暫くすると、左側が岩山になっていたので岩山を登り進む事になった。
岩山と言っても、どちらかと言えば岩場みたいな岩山になっている。
無言で瀧山講師が斑鳩を制止する
小声で斑鳩が聞く
「どうしたんですか?」
「水溜りのような池が見えてきたが、周りに鹿型がいる。今行くと10匹程いるが全て倒さないといけなくなる」
「又ロケットの出番ですか?」
「そうだな、嫌な予感はするがそれしか無いな」
ロケットの進行方向の見える範囲に他の人がいない事を確認しロケットを飛ばす。
けたたましい音を発しながら鹿型のモンスターを誘導した。
「5匹残ってるな、奴等にとってもここは大事な場所らしいな…」
「倒すしかないですね…」
「そうだな、不意打ちで倒せそうなのは一匹だけだから四匹とは正面から倒さないといけなくなるな…

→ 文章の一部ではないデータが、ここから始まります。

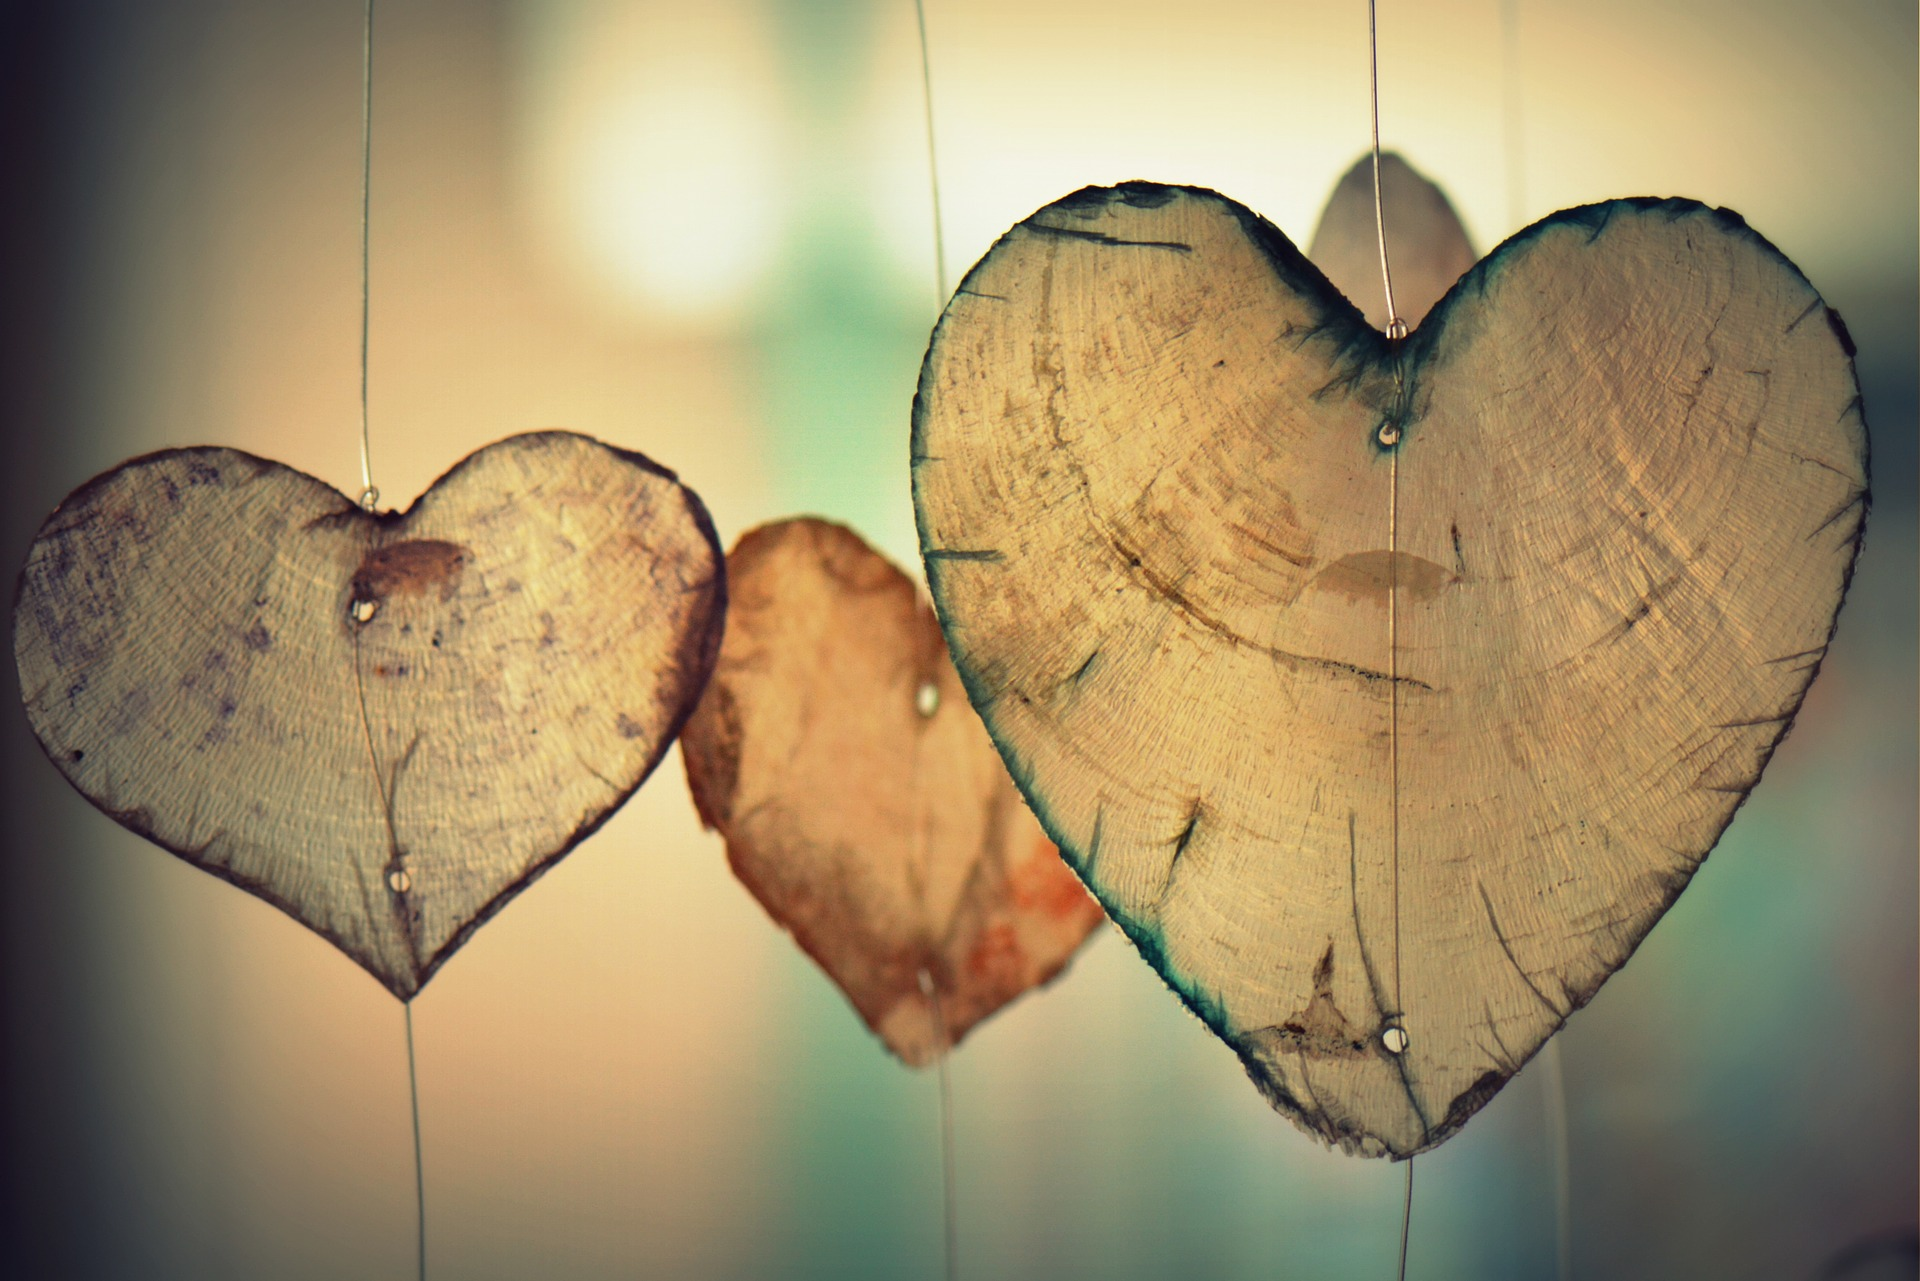 coeurs, amour, pendentifs, ornements, métiers d'art - Fonds d'écran HD - Professor-falken.com

まあ倒さなくても結界が機能しだしたらそれで成功になるから
不意打ちと同時に結界を起動してくれ
一分程2人で持ちこたえれば結界効果で奴等は手出し出来ないはずだ」
「解りました。」
2人は最低限の荷物だけを持って風下になるダンジョン奥に回り込み作戦を実行した。
一匹目を瀧山講師が槍で首元にある魔石のある場所に突き刺す。
酒臭いが、講師なだけあり急所を狙う精度は完璧だった。
斑鳩がそれに合わせ簡易結界を起動させる。
一分さえ耐えれば、5m四方は普通のモンスターは入れない結界を張り巡らせる。
しかし、一匹倒した事による異変と結界の起動音に反応し残りの四匹の鹿型は襲い掛ってきた。
斑鳩と瀧山講師は槍を構え対峙する。
人を見ると見境なしに襲ってくるモンスターであっても、流石に一瞬で仲間モンスターを一匹倒したのを警戒し飛び掛かるのを躊躇している。
この時点で10秒は経過している。
「斑鳩、結界は動かすなよ動かすと結界が形成されるまでの時間がリセットされる。」
「解ってます。それよりこいつらどうしましょ、四匹はキツイです。」
四匹は、斑鳩と瀧山講師を囲うように四方向に別れて構えだした。
「モンスターなのに連携とかこれだから群れでいるタイプ嫌いなんだよ」
瀧山講師が愚痴る
鹿型が斑鳩の方が弱いと察した四匹の狙いは斑鳩に向きだした。
「えっ?俺?」
「斑鳩いけるか?後40秒程だ、幸い岩山だから奴等も下手に速度は出せない
お前が走り出したら追いかけるがかわせるはずだ」
「無茶言いますね。でもそれしか無さそうです。」
斑鳩に向けての包囲網が狭くなって行く。
斑鳩は四匹中、1番小さい方に走り出す。
「一匹は任せろ!」
瀧山講師は、槍を大振りで一匹を完全に足止めする。
残りの3匹は、斑鳩を追いかけ出した。
斑鳩は岩場をすり抜けるかのように走り出す。
シールド(小)を、狼型に追いかけられた時の様に地面と水平方向に向け出現させ
足止めを試みたが、本当に一瞬の足止めにしかならなかった。
鹿型の角周辺は、非常に硬くなっている為にガラスを割るかのようにシールドを走りながら砕いていく。
「くそっ、ならこれではどうだ」
今度は、鹿型が追ってくるのを見越して足元にシールドを出現させながら逃げる。
すると、先頭にいた一匹がシールドを踏み抜き転んでしまう。
「よし!」
斑鳩は声を上げる。
「斑鳩、こっちに戻ってこい!」
瀧山講師が斑鳩を呼ぶ、数秒しかたっていないが、引きつけた鹿型を倒したようだった。
簡易結界前に戻った斑鳩は瀧山講師と横並びになる。
一匹はコケて少し離れているので、一瞬だけだが各自一対一の構図になった。
斑鳩を追いかけてきていた。鹿型は、2対2の構図になり動きを止める。
睨み合いの膠着状態だが、今回に限ってはそれはそれでいい
後数秒待てば結界が機能してくれるからだ。
「斑鳩避けろ!」
「えっ?うぐっ………」
斑鳩が不意を突かれ、吹き飛ばされる。
さっきコケていた鹿型が横から斑鳩を突き飛ばす。
角が刺さらなかったのは幸いだ。
更に幸いだったのは、簡易結界が起動し
斑鳩が飛ばされたのも簡易結界の中だった
その後の追撃を喰らわなくて済んだ。
池に残った鹿型は後3匹いるが、簡易結界内には手出しが出来ず膠着状態になっている。
それを尻目に、残りの簡易結界を次々に起動させ池全体を結界で覆い、鹿型を締め出した。